E

Nach Plutarch das zweite delphische Rätsel, worüber er eine eigene Schrift verfasste (Moralia). Nach ihm war der Buchstabe E, der im Tempel von Delphi hing, sehenswert wie eine Weihegabe, der man eine besondere Kraft zusprach. Immer wieder nach der Bedeutung des delphischen E gefragt, bietet Plutarch schließlich sieben Deutungen an:

E (epsilon) ist 1. der fünfte Buchstabe im Alphabet und steht auch als Zahlzeichen für „fünf“. 2. symbolisiert E als zweiter Vokal im Alphabet die Sonne als zweiten Planeten, der > Apollon gleichgesetzt ist. 3. steht E, das als EI ausgesprochen wurde, für „wenn“ und stellt damit die meisten Anfragen an das Orakel dar. 4. wird EI = „wenn, wenn doch“ oft bei Gebeten verwendet. 5. wird „wenn“ in der Logik oft zur Konstruktion eines Syllogismus gebraucht. 6. ist 5 eine bedeutsame Zahl in Mathematik, Philosophie und Musik, und da die geraden Zahlen als weiblich und die ungeraden als männlich gedeutet werden, bezeichnet 5 als Summe von 2 und 3 die Ehe der beiden. 7. EI bedeutet als Verb „du bist“ und wird von den Klienten als Ausdruck von Apollons Unsterblichkeit verwendet (Plutarch: Moralia 384-394).

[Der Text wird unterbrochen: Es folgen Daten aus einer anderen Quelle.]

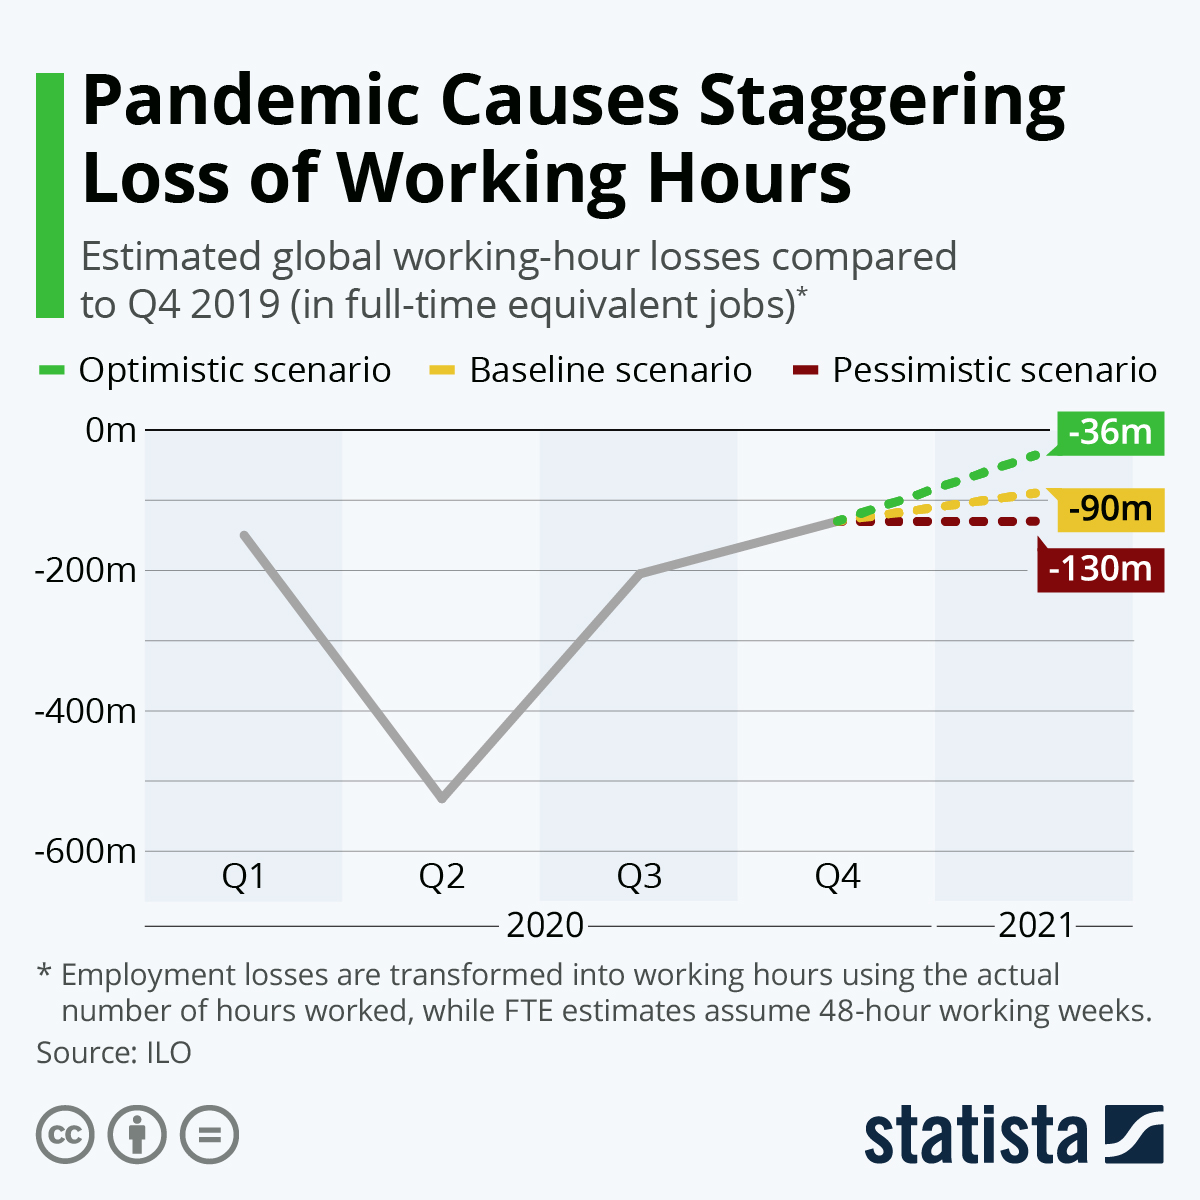 Pandemic Causes Staggering Loss of Working Hours
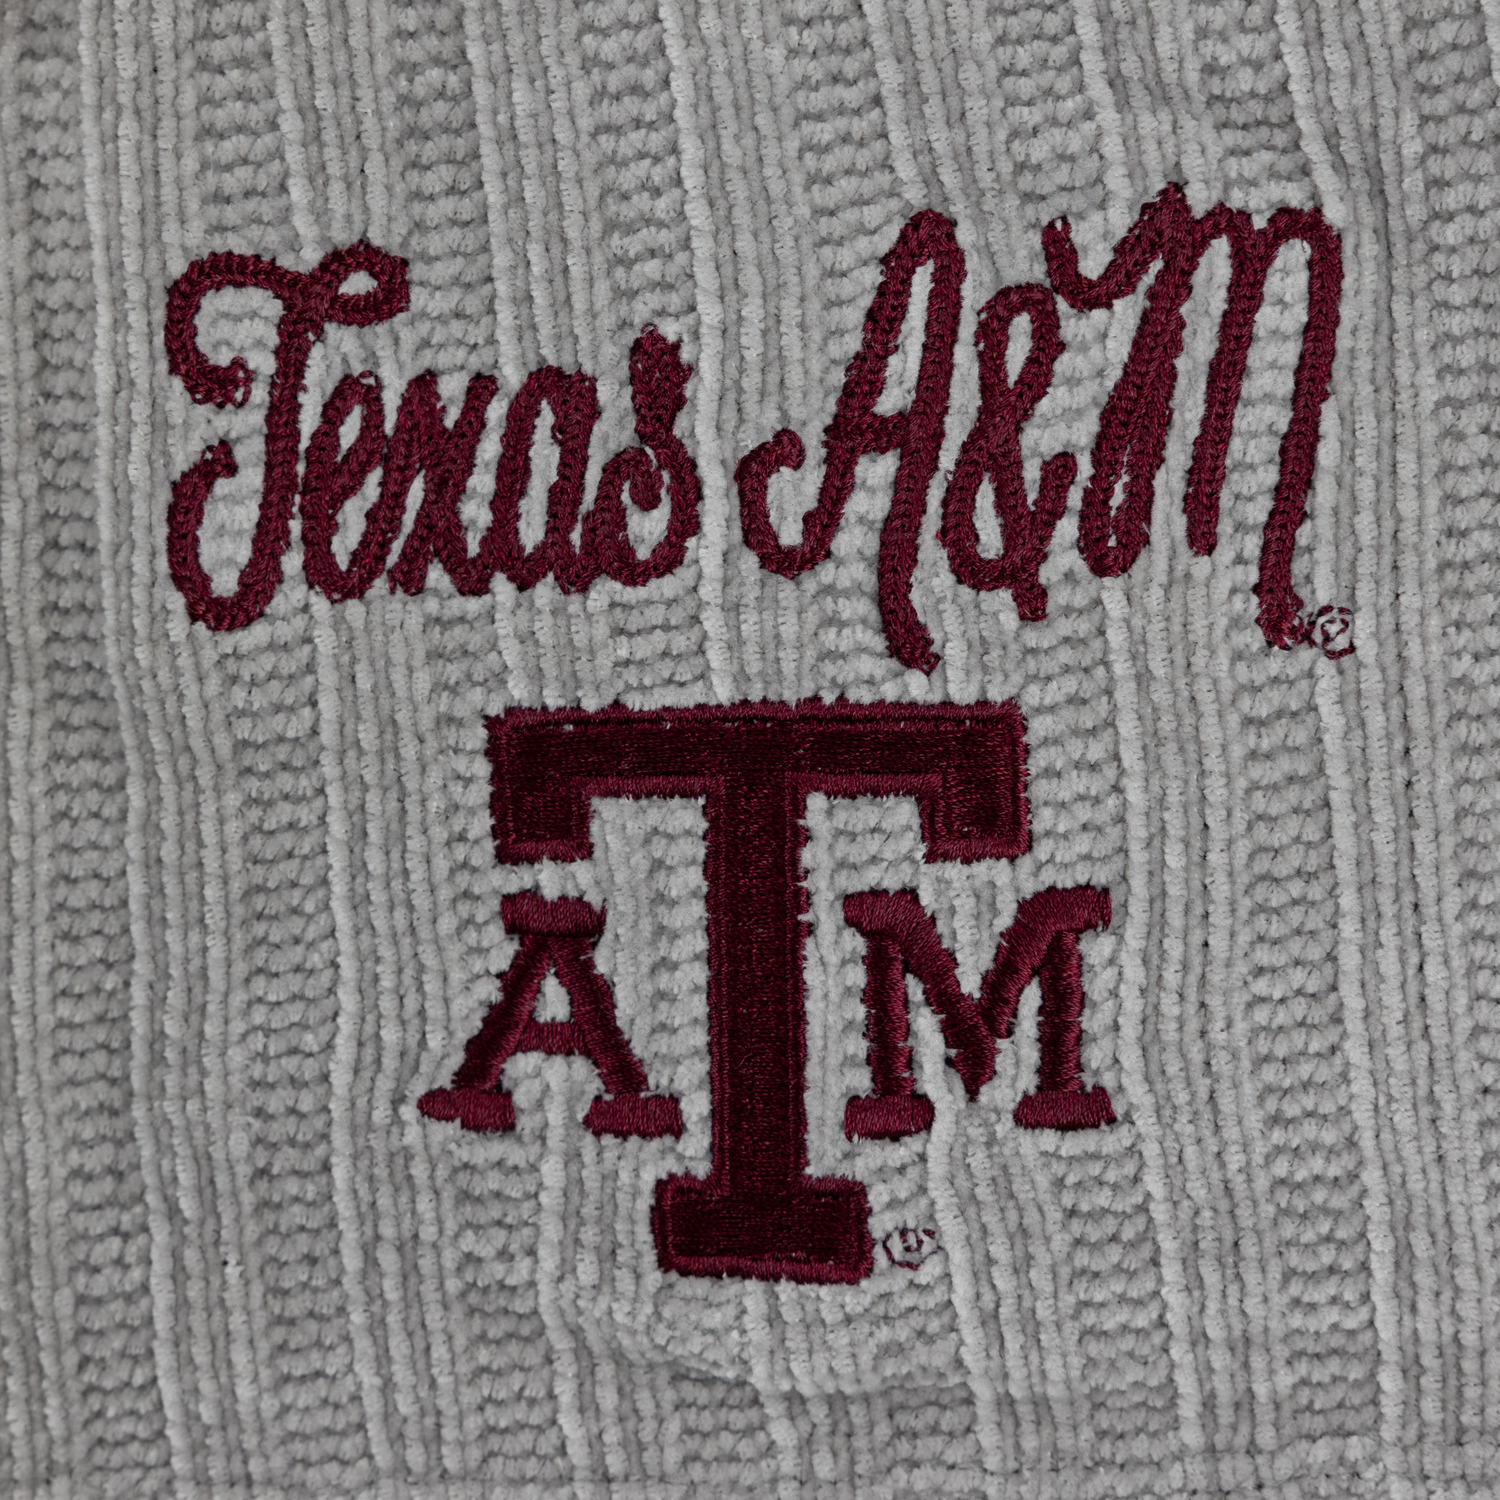 Texas A&M Linger Chenille Shorts

Zu Plutarchs Zeit soll es das delphische E seit langem gegeben haben. Das älteste soll aus Holz gewesen, dann durch das von den Athenern gestiftete bronzene E ersetzt worden sein. Und schließlich ließ Livia, die Gattin des Augustus, ein goldenes E anbringen (Plutarch: Moralia 385 F-386 A.). Augustus (27 v. Chr.-14 n. Chr.) verwendete goldene Buchstaben (litterae aureae) bei der Beschriftung seiner wichtigen Monumente zum Zeichen dafür, dass ein Goldenes Zeitalter angebrochen ist.
Nicht zuletzt finden sich Abbildungen des rätselhaften E auch auf Münzprägungen der römischen Kaiserzeit.

Lit.: Plutarchus: Moralia. Darf man Tiere essen? Stuttgart: Reclam, 2015; Rosenberger, Veit: Griechische Orakel: eine Kulturgeschichte. Darmstadt: Wiss. Buchges., 2001.